Exercise goal: Everything in the listing that follows should be reproduced exactly except the pictures.

Dataset excerpt:
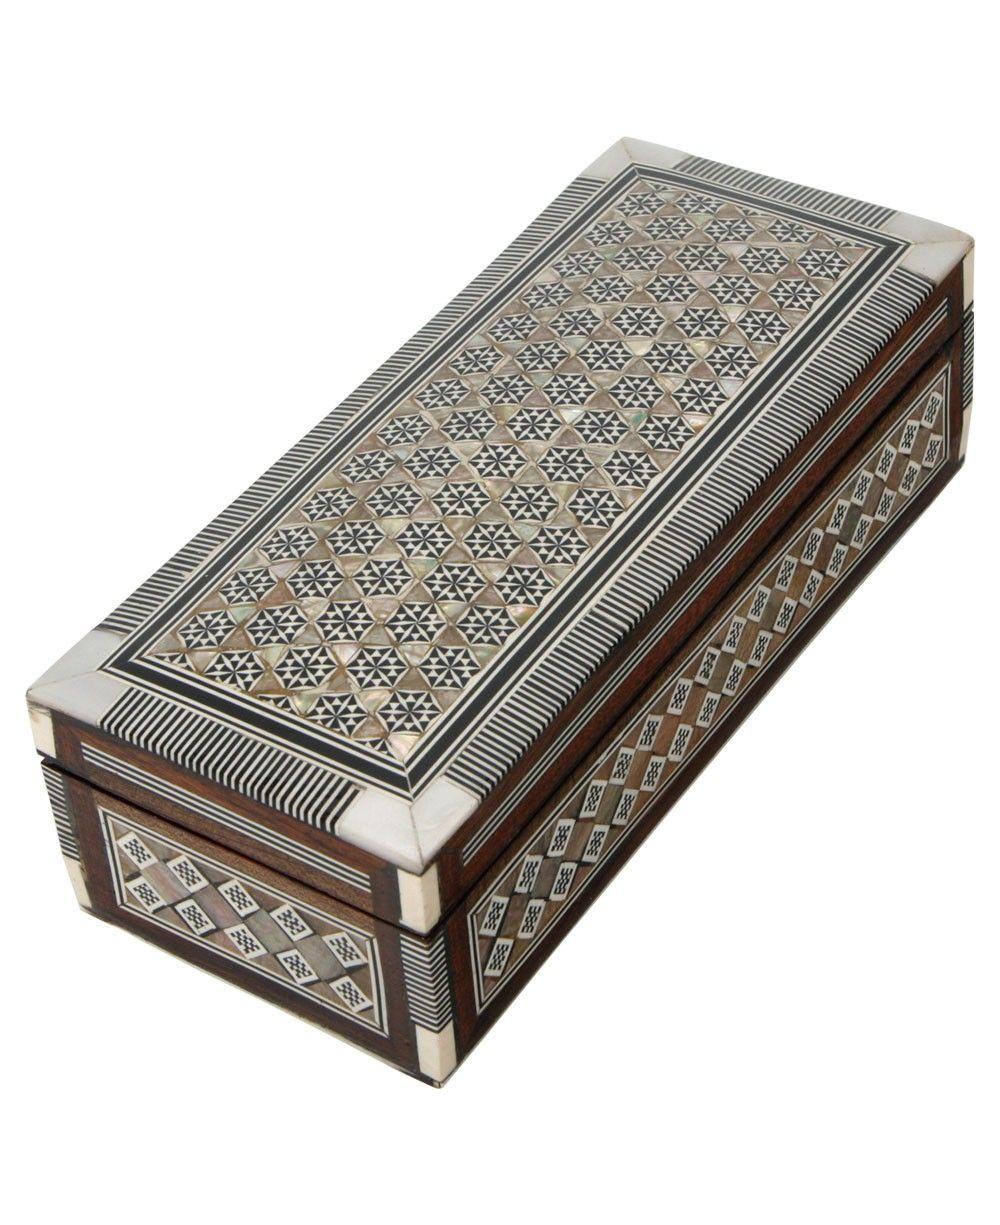 Decorative Photo Boxes Egyptian Mother Of Pearl Decorative Box  Art V  Pinterest
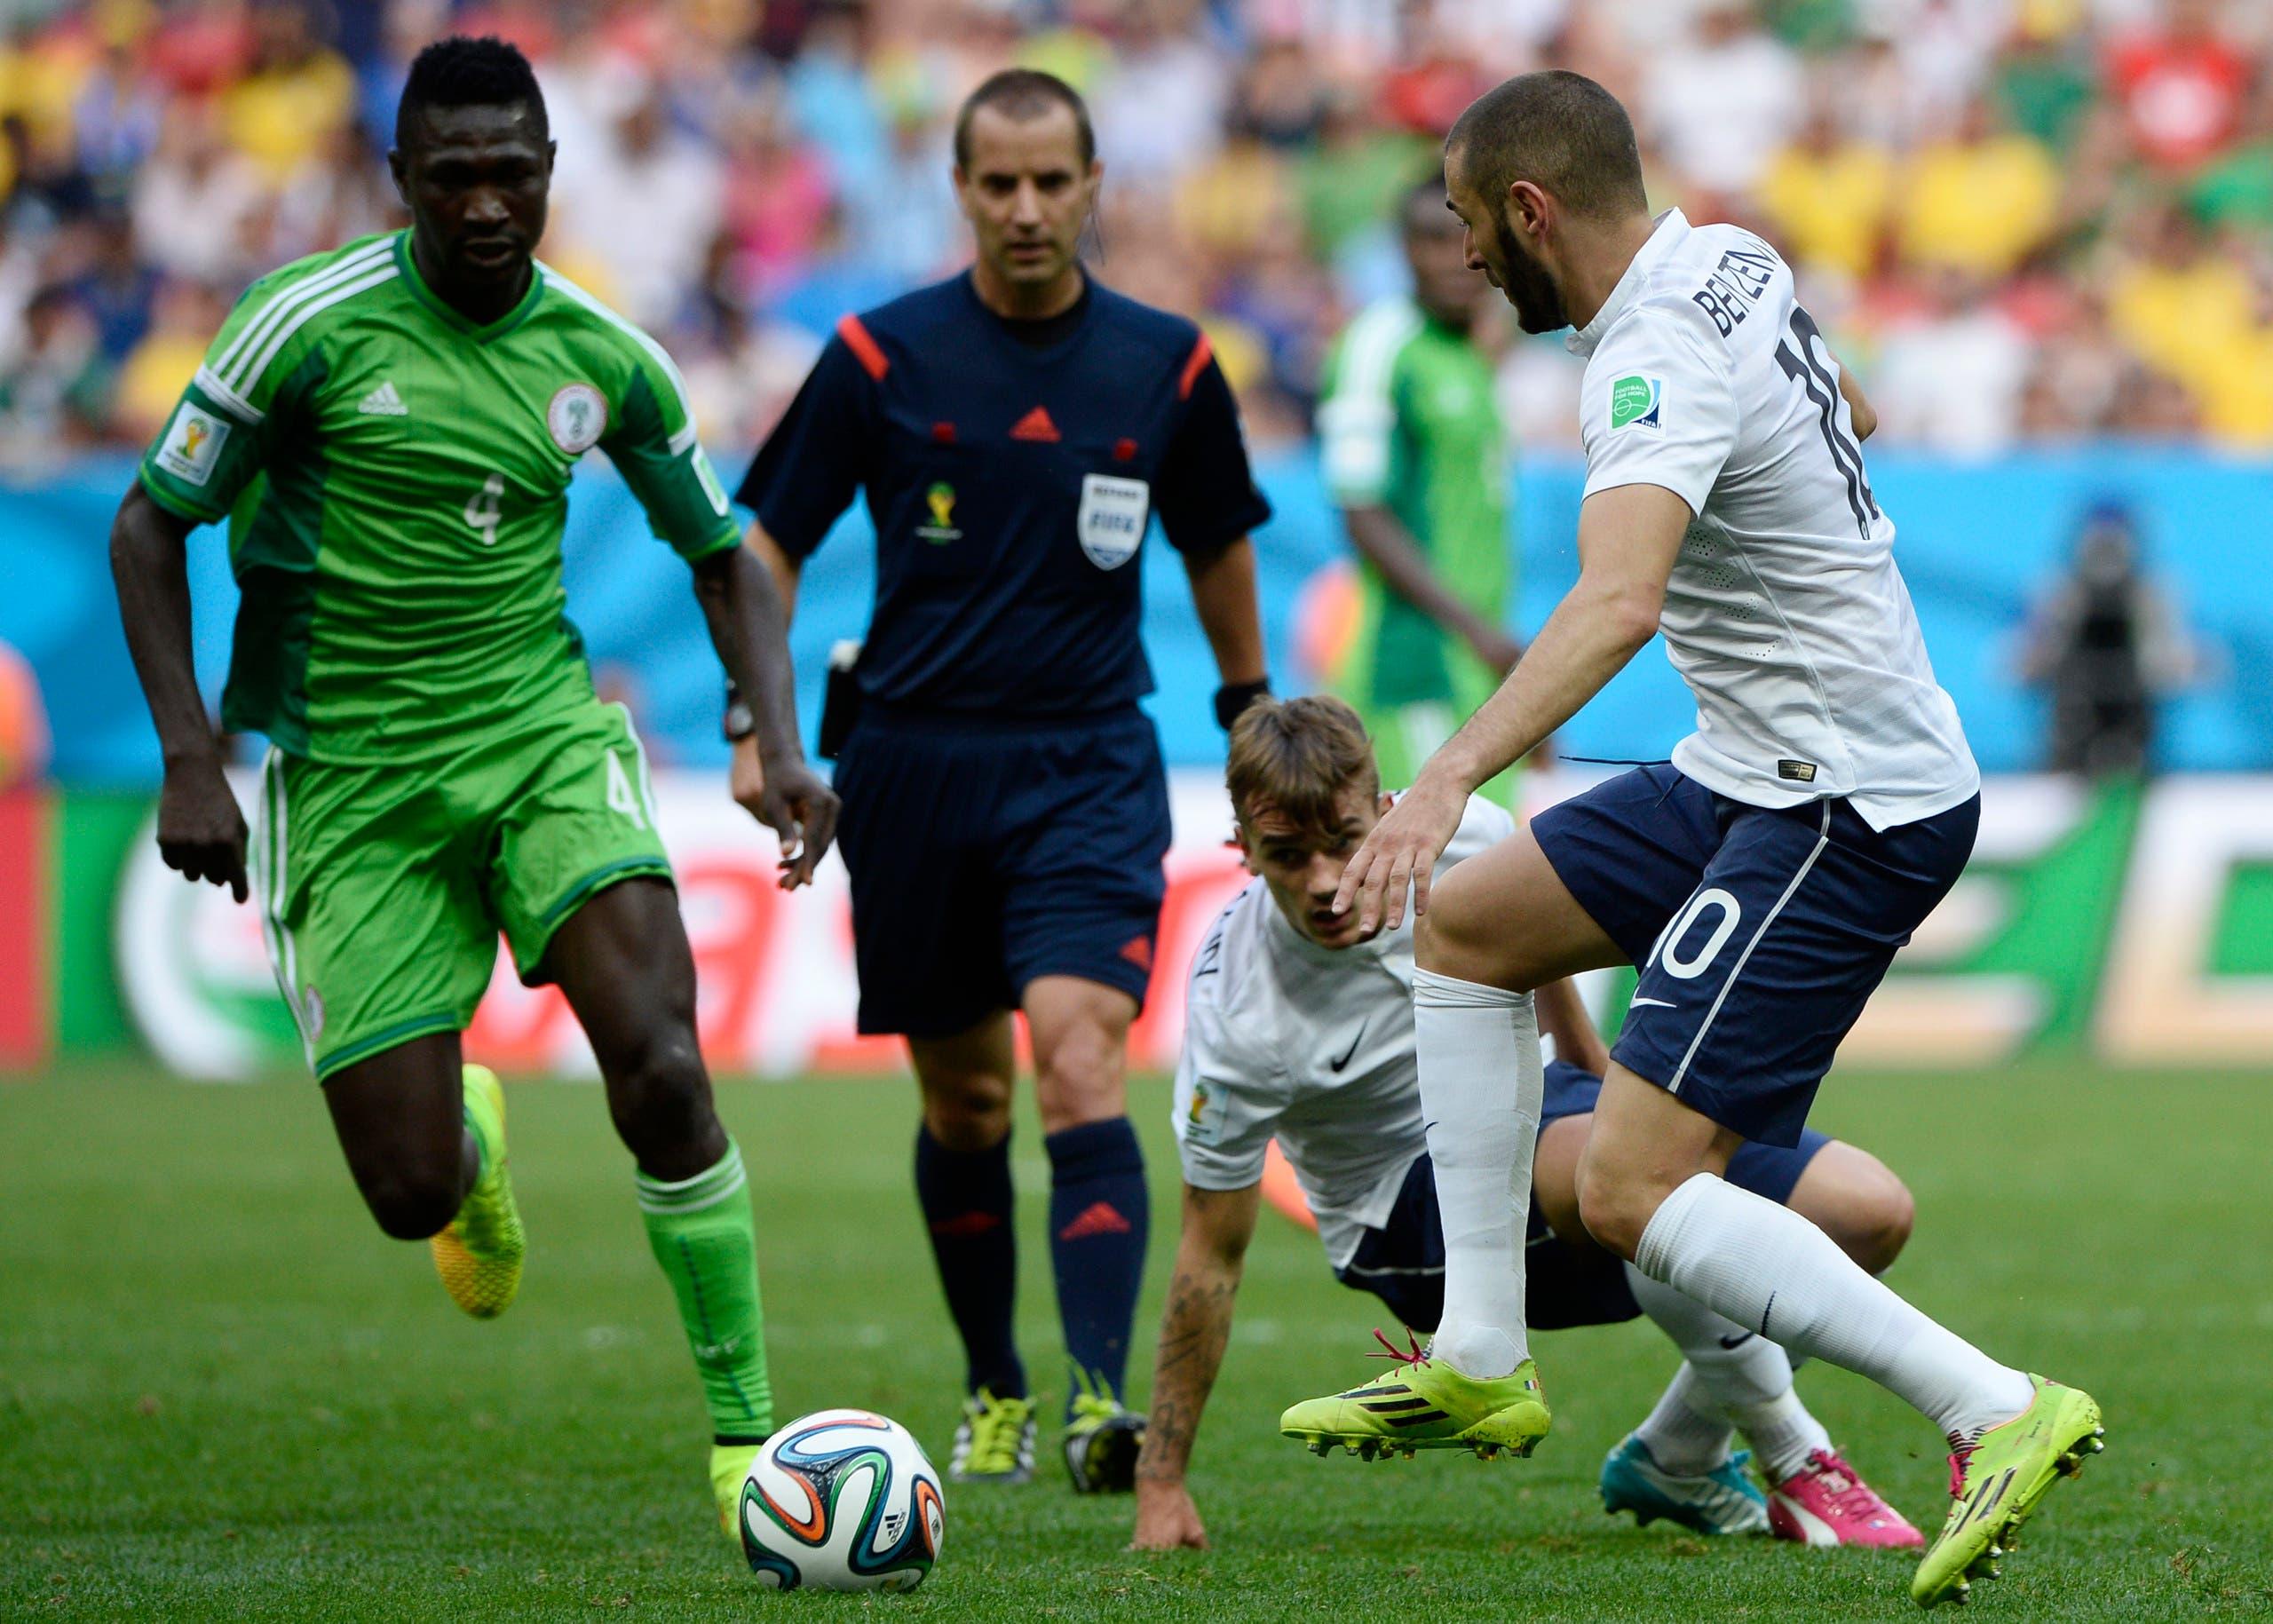 غابرييل أمام فرنسا في مونديال 2014
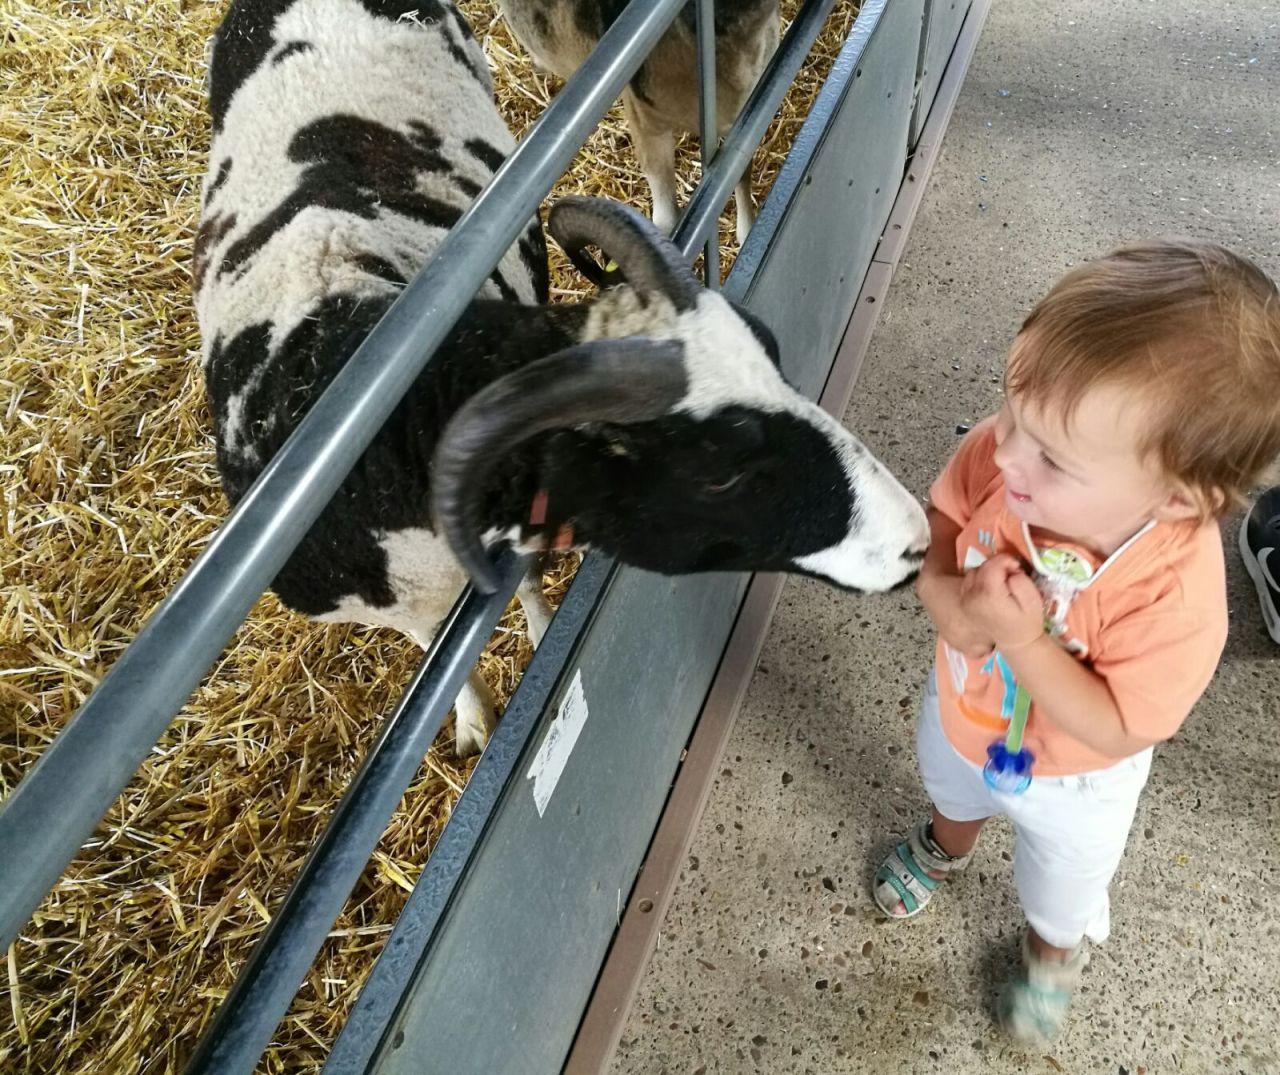 Odds farm dayout with kids: Jacob sheep & baby E

Answer box:
 Decorative Photo Boxes Egyptian Mother Of Pearl Decorative Box  Art V  Pinterest
 غابرييل أمام فرنسا في مونديال 2014
 Odds farm dayout with kids: Jacob sheep & baby E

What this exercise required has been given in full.